YOUR Alameda County Sample Ballot contains two big spending proposals, each involving about $100 million dollars yearly. One of them appears serious, and the other -- Measure A -- rather anemic.

Regional Measure 2 raises Bay Area Bridge tolls by $1. Whatever your opinion, the 22-page Regional Traffic Relief Plan, printed in your Sample Ballot, is impressive. It demonstrates a diligent effort to compile a complete spending package, and -- even more importantly -- to explain it to the voters from historical, financial, statistical, graphic and geographic perspectives.

In contrast, Measure A itself has four short paragraphs -- less than half a page of text -- to direct spending $100,000,000 yearly. Another two sentences create a powerless Oversight Committee. That's it. No plan how to spend the money, no back-up plan if it fails.

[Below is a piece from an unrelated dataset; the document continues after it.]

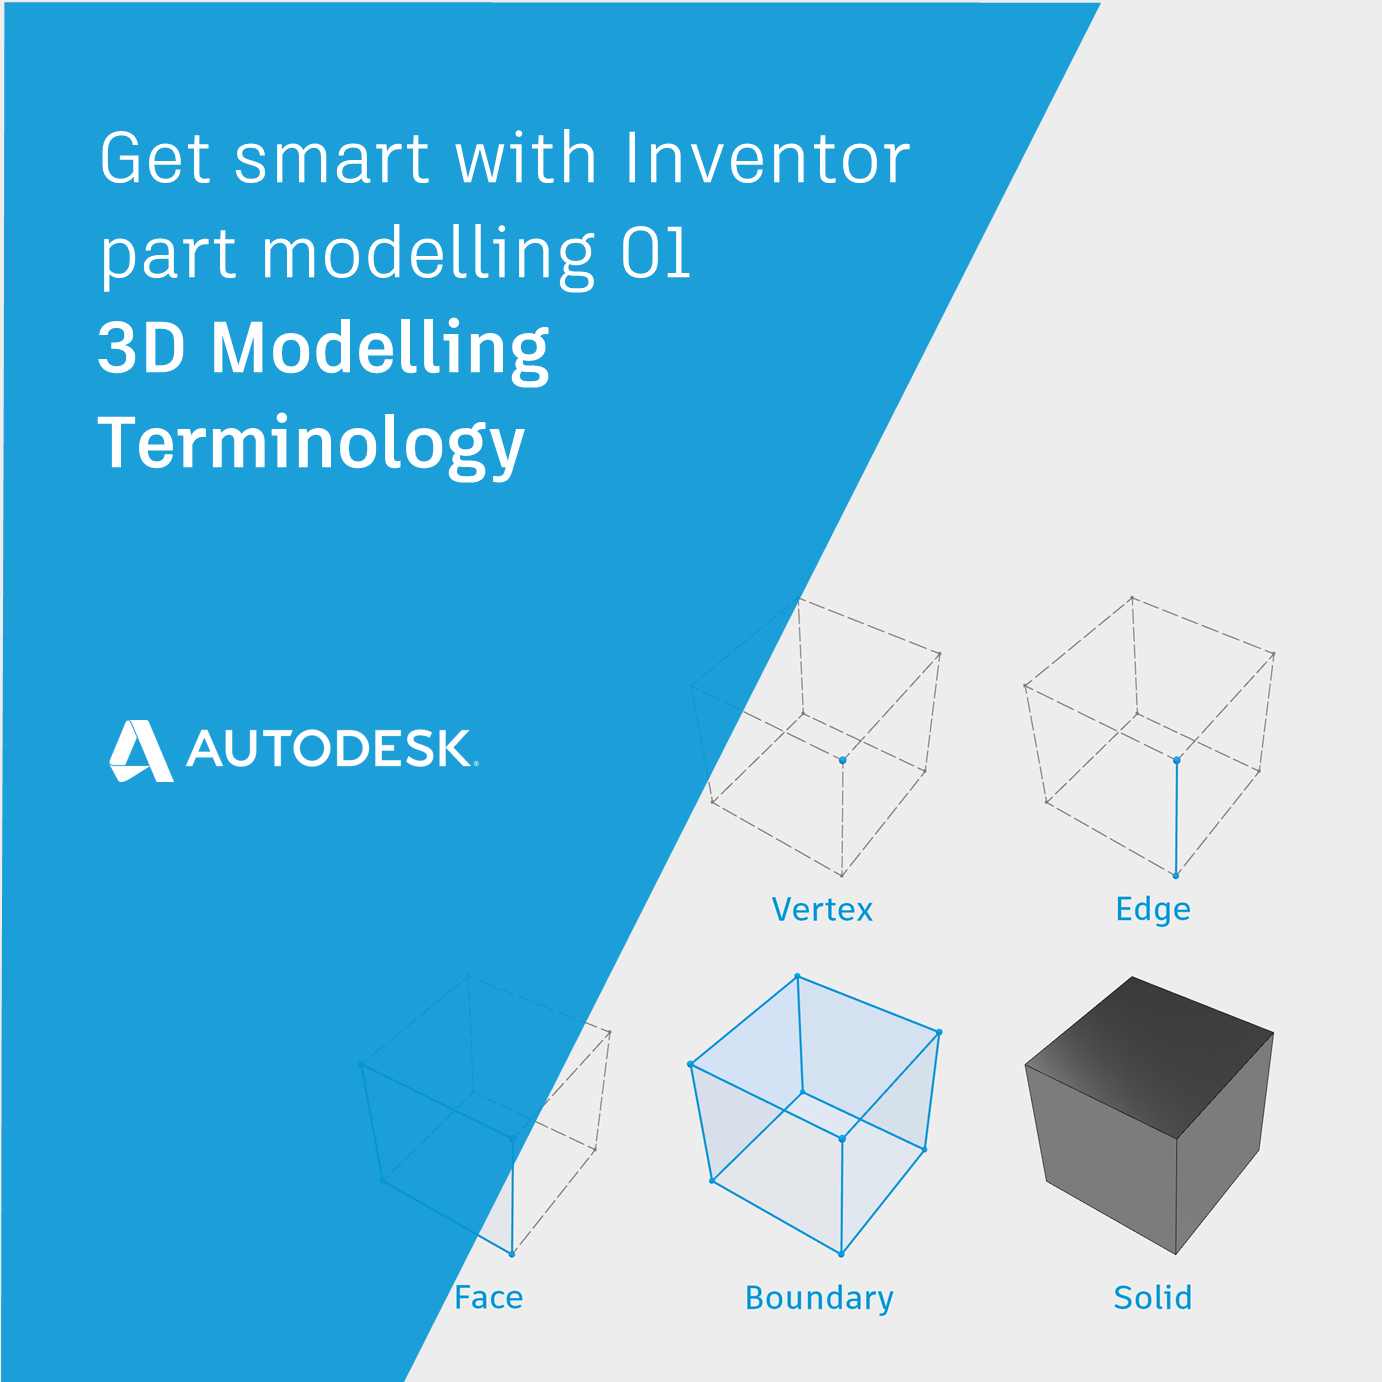 3D Modelling Terminology | Get Smart with Inventor Part Modeling 01

Measure A's proponents threaten us with plague, pestilence, guilty consciences, and trauma victims exsanguinating in the streets -- i.e. total disaster -- if it doesn't pass. But, they have no plan for this looming threat: no 22 pages explaining what services would be cut, which labor contracts renegotiated, which managerial positions eliminated, or which revenue streams explored. Instead, as they will surely claim in their opposing article, we face undefined but unmitigated disaster.

A vast coalition supports Measure A. Tens of thousands of leaflets in three languages, glossy home mailings, billboards, an internet site and salaried political campaigners, all gathered to stampede voters into supporting Measure A. All hopeful that a transient budget problem, compounded by the supervisors' ineptitude, can be transformed into a 15-year tax hike.

Everyone agrees that the Alameda County Board of Supervisors gets a big fat "F" for their financial mismanagement of the last few years. A $215,000,000 tobacco settlement gift, supposedly reserved for health care, vanished two years ago, just when we needed it most. During the good economic years, instead of saving for a rainy day, the supervisors quadrupled county debt, tripled debt per capita and doubled the budget percentage dedicated to debt servicing. The supervisors abandoned governance of Highland Hospital to a spineless citizens' committee, which twiddled its fingers while deficits ballooned. Then -- and now -- the supervisors did nothing, like last week, when Highland's CEO kept hidden his financial plans. Why on God's Earth would anyone want to give these supervisors even more money to waste?

Why? "Because," they say, "otherwise the world will end." That's why there's no 22-page plan in your Sample Ballot outlining our alternatives. If the county supervisors -- or the medical center -- came up with a plan to deal with current deficits, then obviously voters would actually have a choice. And, of course, if we have a choice between real alternatives, that would mean the world is not ending, and Measure A would be defeated. Voila!

Such scare tactics are pure politics at work. The supervisors are ignoring their responsibilities by not producing an alternative plan, in case Measure A fails. Their goal: avoid specifics. Gather a coalition of Measure A beneficiaries, and launch a half-million-dollar campaign to get foolish voters to support it.

Indeed, Alameda County's electorate is foolishly apathetic. Three Board of Supervisor incumbents are running unopposed right now for re-election. This lack of competition has produced our current unhealthy body politic. No wonder that with a lazy public and no viable political opposition, our county's elected leaders blundered into this morass, and no wonder they seek to spend their way out of it.

The Oakland Tribune's Measure A editorial stated that the buck ultimately stops with the supervisors. Then the Tribune suggested (four times!) they get more "involved. The Tribune is wrong -- the buck stops not with the supervisors, but with the voters, and the supervisors won't get more "involved" unless we force them to.

Vote "No" on Measure A, and make the supervisors earn their office.

Lance Montauk is an emergency physician living in Berkeley.